Einige von euch haben vielleicht meinen vorherigen Post gesehen, da habe ich eine ähnliche Nachricht schon einmal gepostet habe, da es erst nach FFM gehen sollte. Es hat sich jedoch nun ein bischen was geändert und ich werde nach Bonn gehen ;-)
Ich fange im Nov/Dez nun einen neuen Job in Bonn an und würde mich sehr freuen gemeinsam biken zu gehen.
Ich kenne mich in der Region noch nicht gut aus und würde mich freuen Trails kennenzulernen (Enduro, AM, DH und FR würde ich alles mal mitkommen, fahre bevorzugt Enduro würde ich sagen ). War bisher schonmal bei den Klingentrails und bei so einer Jumpline im Wald bei Wuppertal.

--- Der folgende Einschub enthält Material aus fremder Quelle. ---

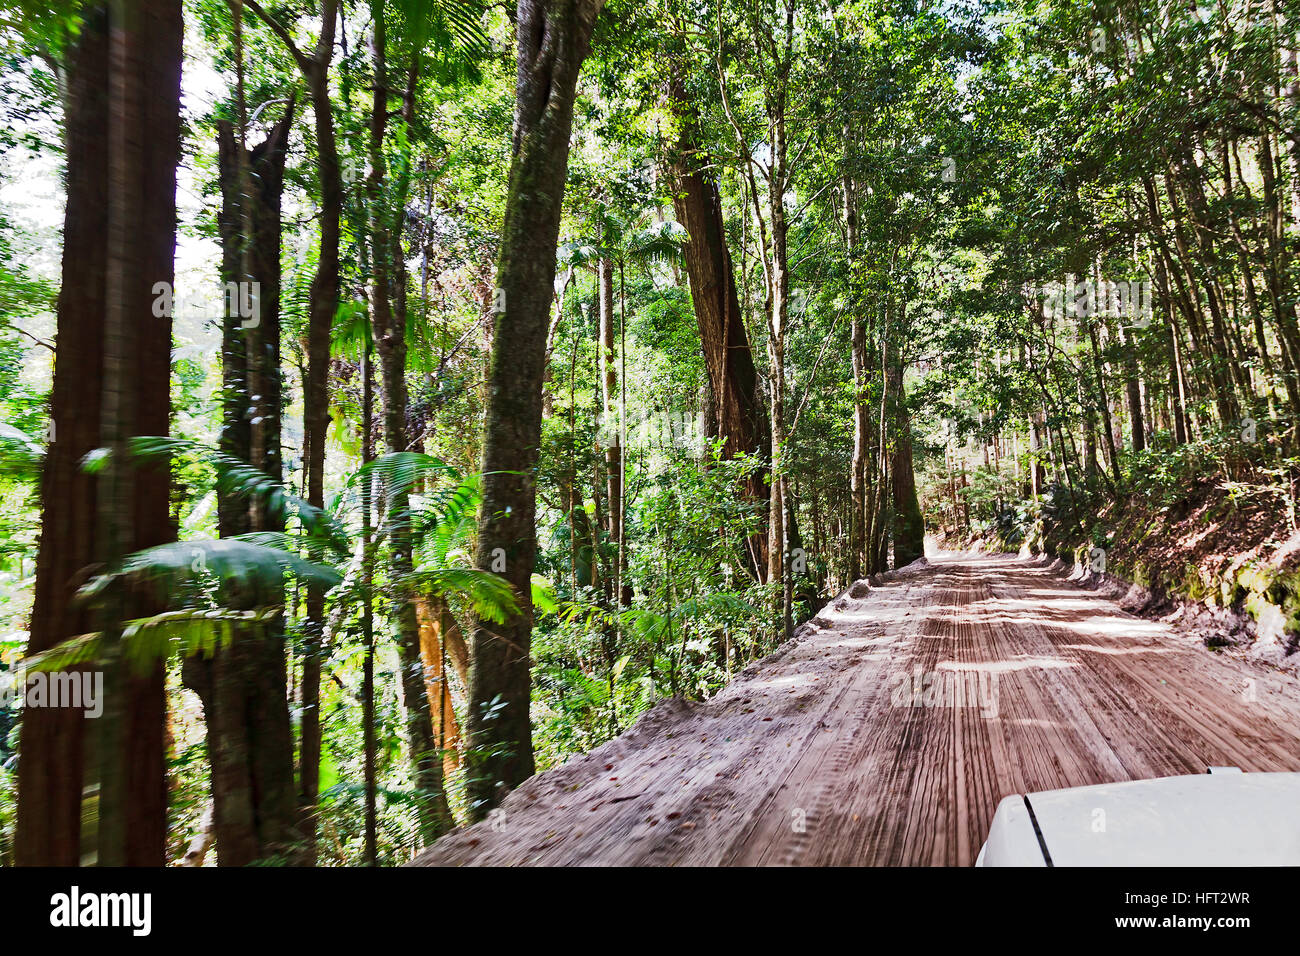 Australische Fraser Island Regenwald sandige Straße vom Fahrzeug mit Geschwindigkeit bewegen, wenn hohe Gum dicht um den Trail Bäumen. Stockfoto
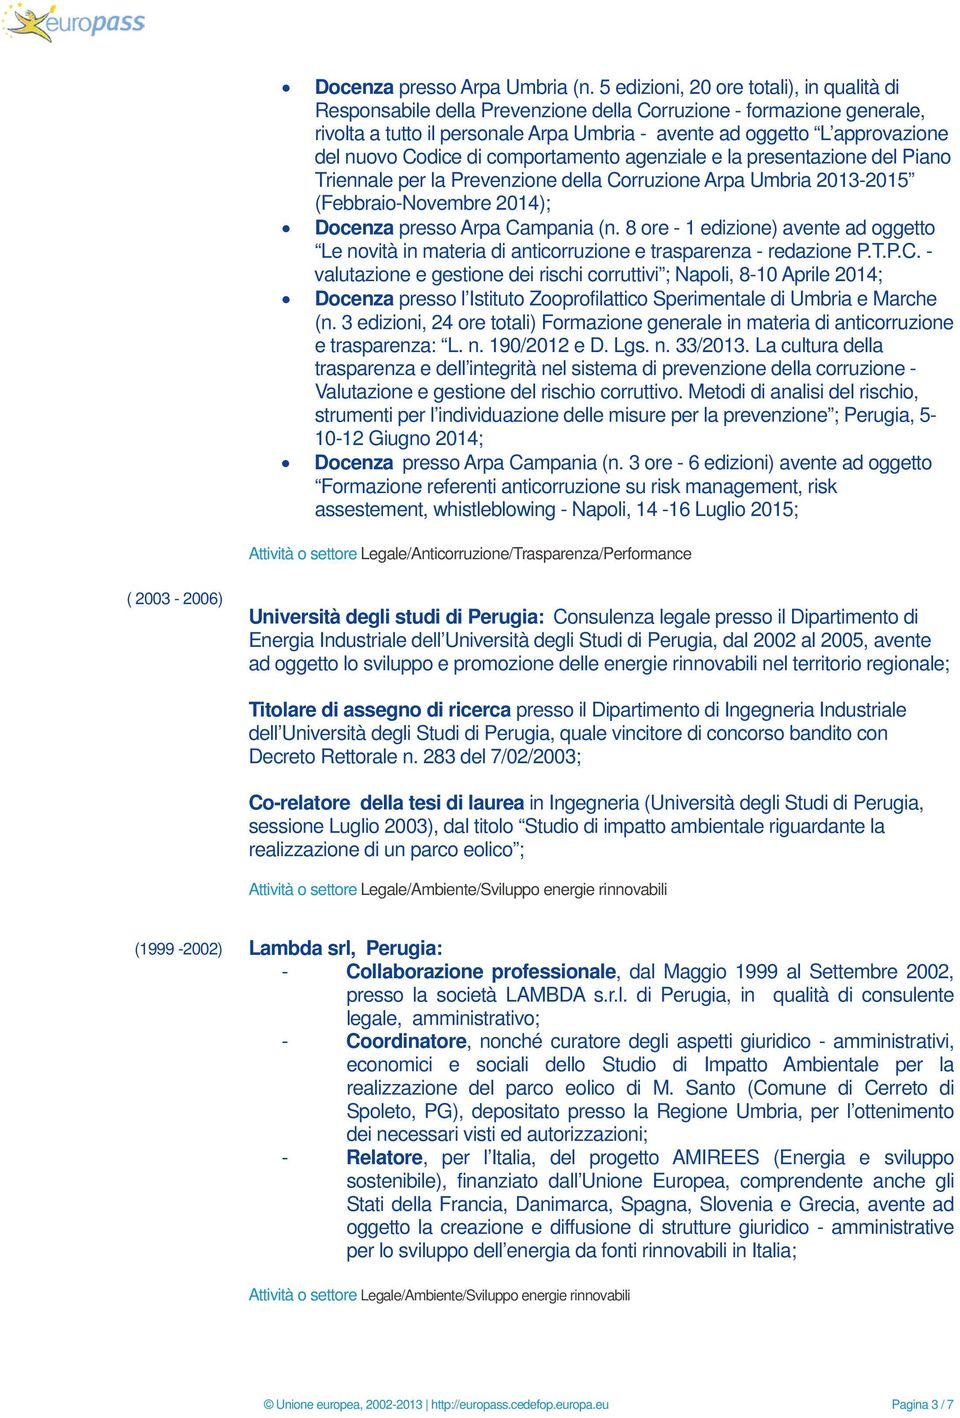 Codice di comportamento agenziale e la presentazione del Piano Triennale per la Prevenzione della Corruzione Arpa Umbria 2013-2015 (Febbraio-Novembre 2014); Docenza presso Arpa Campania (n.

Update: WG habe ich mittlerweile gefunden 
Und dann suche ich noch eine WG in Bonn (oder auch Köln ^^).  Dazu dann vielleicht noch ein paar Infos zu mir, weiteres gerne per PM: Ich bin 32 Jahre, bike gerne und fahre gerne Rollschuh, bin generell gerne draussen unterwegs, bin Naturwissenschaftlerin (Agrar/Biologie), es sollte nicht unbedingt eine Zweck WG sein. Größe der WG und von dem Zimmer ist erstmal nicht so wichtig, Miete wenn möglich max 500 Euro.
Freue mich über jeden Hinweis und jedes Angebot, Danke!  🤗
Svenja


----------



## xyzHero (12. Oktober 2020)

In Bonn sieht es bzgl. MTB nicht gut aus, da muss man quasi immer erst mal raus.

Gruß xyzHero


----------



## MTB-News.de




----------



## Trail Surfer (12. Oktober 2020)

In der Umgebung gibt es aber anderes (Hennef/Siegsteig).
Bei Interesse gerne als Guide.
Gruß 
Rene


----------



## wiz04 (13. Oktober 2020)

Es wird sich doch hoffentlich was für eine Feierabendrunde finden lassen 🙀


----------



## xyzHero (13. Oktober 2020)

wiz04 schrieb:


> Es wird sich doch hoffentlich was für eine Feierabendrunde finden lassen 🙀



Je nachdem wo du wohnst, gibt es den Venusberg, das Angebot ist aber überschaubar. 
Beim Rest muss man wohl ein paar Kilometer Anreise einplanen. Dann gibt es aber auch ein paar schöne Trails.
Ich sag mal so, es gibt Städte mit besserer MTB Infrastruktur.

Gruß xyzHero


----------



## wiz04 (13. Oktober 2020)

xyzHero schrieb:


> Je nachdem wo du wohnst, gibt es den Venusberg, das Angebot ist aber überschaubar.
> Beim Rest muss man wohl ein paar Kilometer Anreise einplanen. Dann gibt es aber auch ein paar schöne Trails.
> Ich sag mal so, es gibt Städte mit besserer MTB Infrastruktur.
> 
> Gruß xyzHero



mhhh, damit muss ich dann wohl erstmal leben 🤷‍♀️😅
Bisher habe ich in Göttingen gewohnt, hier ist halt alles sehr easy erreichbar


----------



## Deleted 30320 (13. Oktober 2020)

Hi ! 
Von Bonn bist du mit der Bahn in ca. 30 Min im EIngang zum Ahrtal ... da gibts einiges.
Im Köln Bonner Bereich warst du ja schon hier im Forum  da wird auch schonmal was Angeboten.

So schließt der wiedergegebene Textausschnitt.